Crime scene: A bystander watches the aftermath of the attempted looting of a truck between New Woodlands and Heinz Park in Cape Town, during which numerous arrests were made. (Grant Pitcher/Gallo Images)
By the third week of the national lockdown people in Cape Town’s Mitchells Plain were getting desperate. Those who had temporary jobs cut short by the closure of businesses, social grant recipients and the unemployed were running short on food and basic provisions.
Government food relief was slow to materialise, but community soup kitchens and nongovernmental organisations (NGOs) were providing a daily meal to hundreds of people.
A week later saw widespread, and at times organised, attacks on and lootings of delivery trucks and stores. In the preceding weeks, liquor stores were the targets of looters thirsty for alcohol.
The most recent targets have been on trucks delivering essential items. In one incident, a truck carrying food parcels was hijacked and looted.
Shops in Manenberg, Elsies River and Mitchells Plain’s Tafelsig area have also been in looters’ cross-hairs.
The police and community-led organisations say most of these incidents have been less driven by hunger, and more by criminals taking advantage of people’s desperation.
“It was criminally charged,” said Mitchells Plain community worker Joanie Fredericks. “And the gangsters and criminals used these flare-ups to benefit.
“But,” Fredericks added, “ever since community organisations and government have been feeding people regularly, the unrest has come down. Ever since we started getting food on a regular basis and people started trusting that we will be dishing up every day the community started believing there is no need to go looting.
Since the lockdown, there’s been a restriction of movement, as well as bans on the sale of alcohol and cigarettes. Level 4 lockdown begins on May 1, but restrictions on liquor remain in force, while tobacco products will become available in stores — which means alcohol, especially that sold by illegal “merchants”, will be in short supply.

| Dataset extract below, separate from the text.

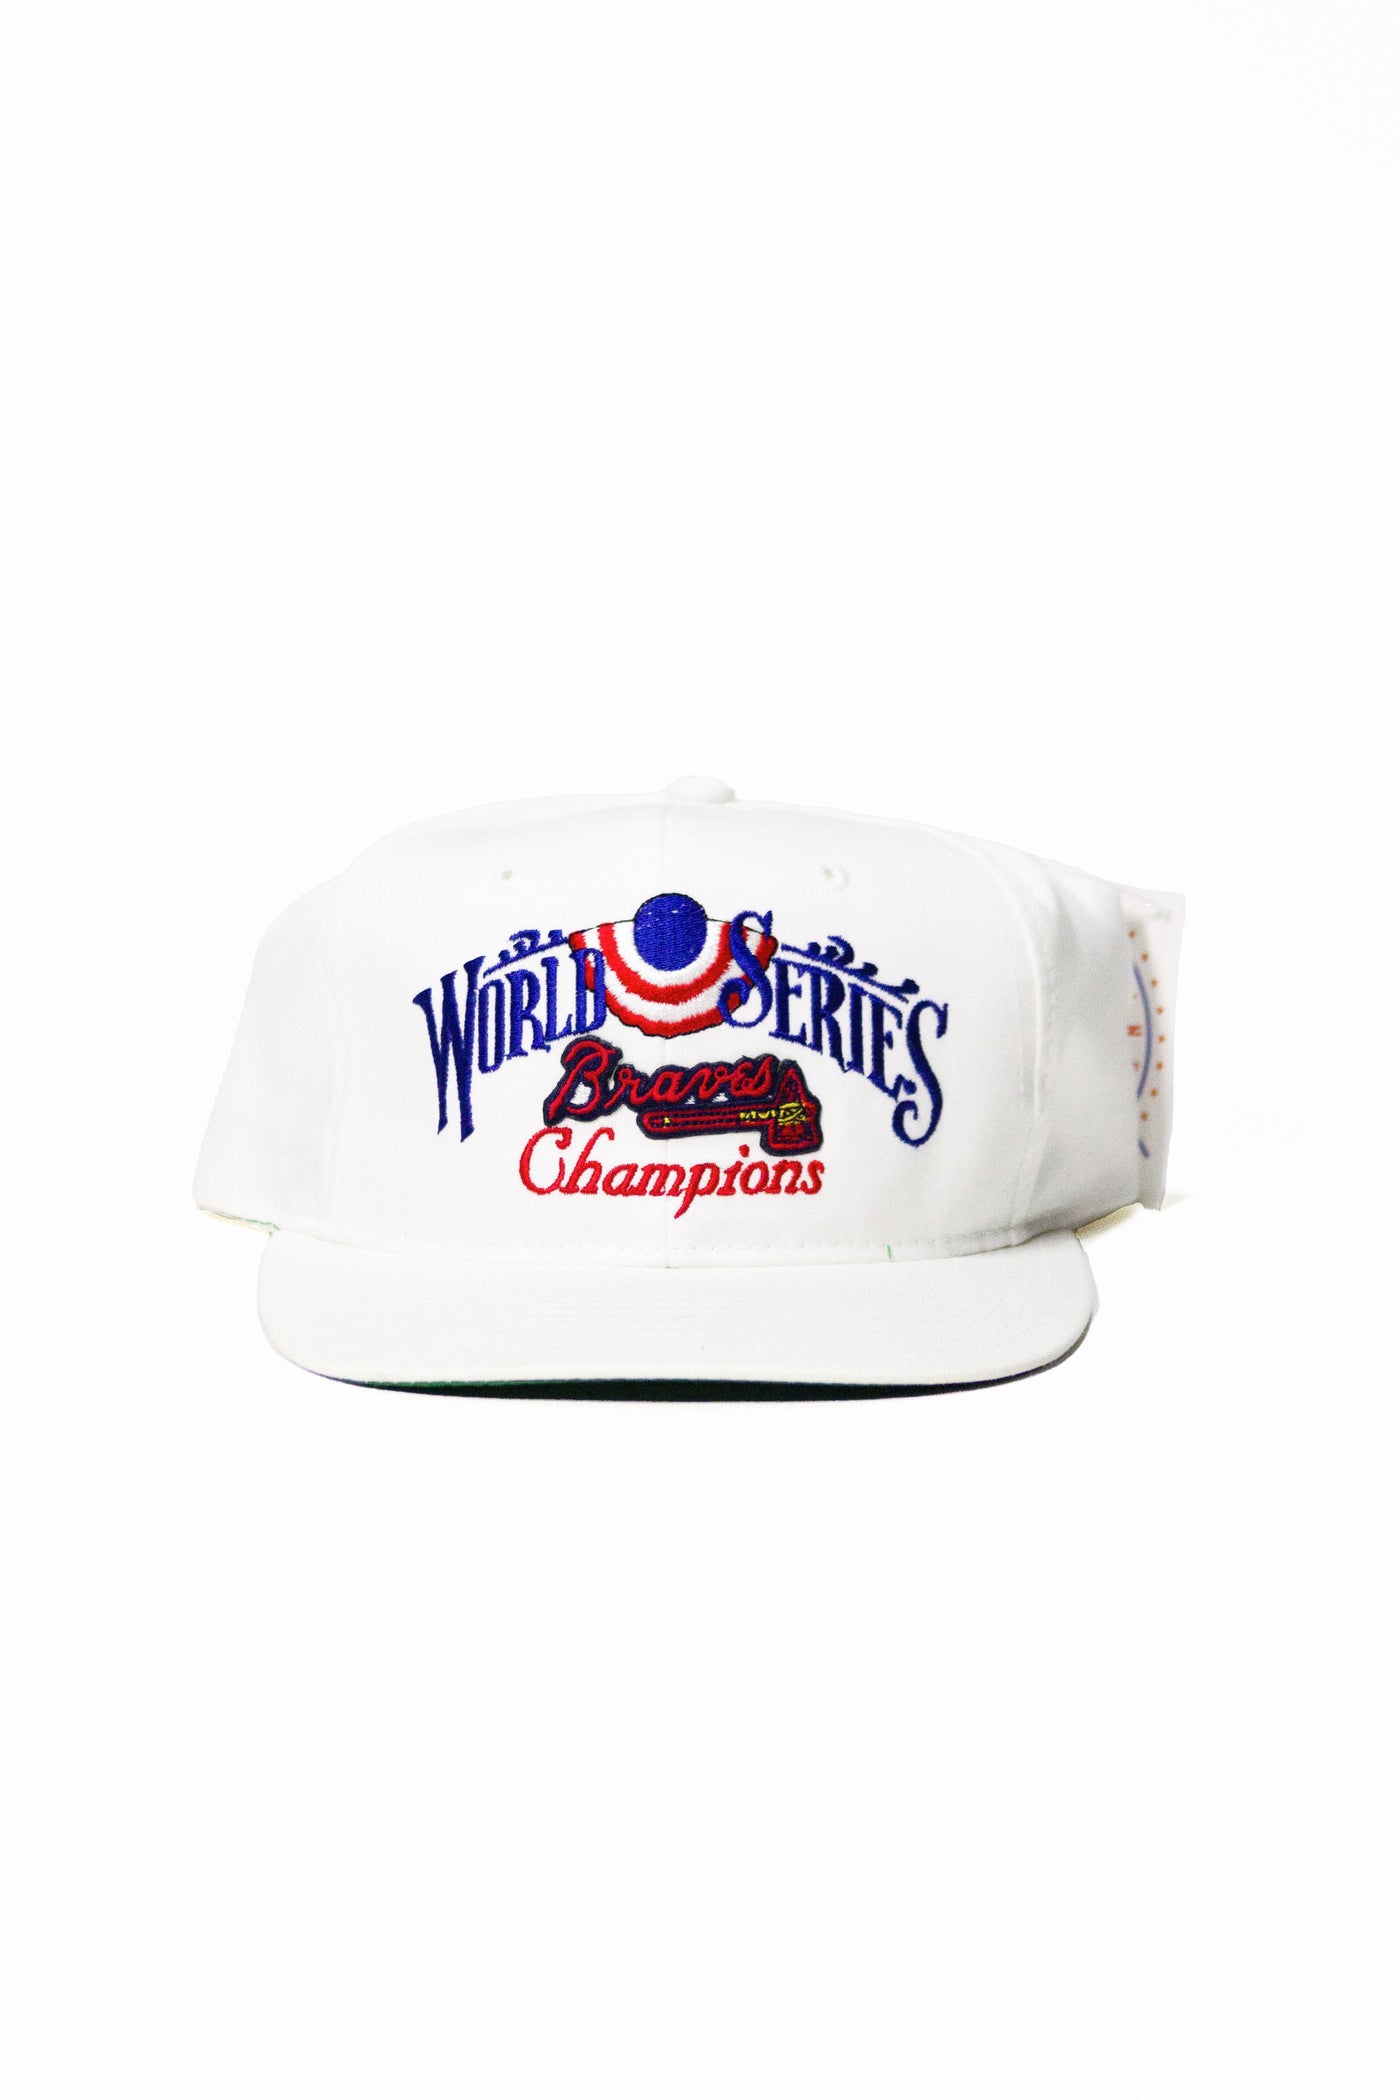 Vintage 1995 Atlanta Braves World Series Champs Snapback

The clampdown on movement and transport means the movement and sale of drugs has slowed down. And this means a loss of income for gangs.
Fredericks said: “Gangsters are desperate. Even your ordinary gangster working for a big boss needs to survive by stealing, robbing or selling drugs. And they are locked in with the rest of us, meaning their movements are also curbed.
“They’re not making an income so they’re behind the looting to get their hands on some of the bigger selling items. They could even steal food and sell it right back to the community.”
Cape Town metro’s mayoral committee member for safety, JP Smith, said the fear of looting and raids on stores has dissipated.
Last week groups of people tried barricading freeways in an attempt to stop delivery trucks.
Public order police and the City of Cape Town’s metro police were called in to disperse crowds.
Smith confirmed they had received information that criminal gangs had been stoking flames among residents and encouraging them to attack stores. “We’ve made a bunch of arrests. Several of the instigators of these attacks are not going to be able to do more instigating in the time being.
“It is going to remain a hotspot. But many of those guys who were behind the last incidents were outed by their community. The community has been letting us know who is behind all this, identifying them for us quite clearly,” Smith said.
Delivery and logistics companies have been asked to inform the police of their movements and when they will be making deliveries to stores so that police can be present.
“We haven’t seen any incidents since last week and the debacle on the R300 freeway,” Smit said. “Some are still trying to launch new attacks on the R300 freeway. They’re rolling stones in the road. But we’re getting lots of help from people in houses that look out onto this space. The gangsters are not getting much done.”
Even though government aid programmes have now hit their stride and plans to increase the social grant safety net kick in, albeit, for six months, community organisations say there are still too many people falling through the cracks and are going hungry.
Meanwhile, organisations on the Cape Flats have called on local ward councillors and community leaders to call for calm.
In an open letter to residents across the Cape, the Grassy Park Community Policing Forum has urged for restraint when waiting for food assistance.
“These people who are doing this looting thing are inviting a state of emergency. And under a state of emergency, it is not going to be as comfortable [as] the lockdown. So we’re calling on people to stop the vandalism. The lasting impact is children witnessing the chaos of looting and stealing,” said the forum’s Philip Bam.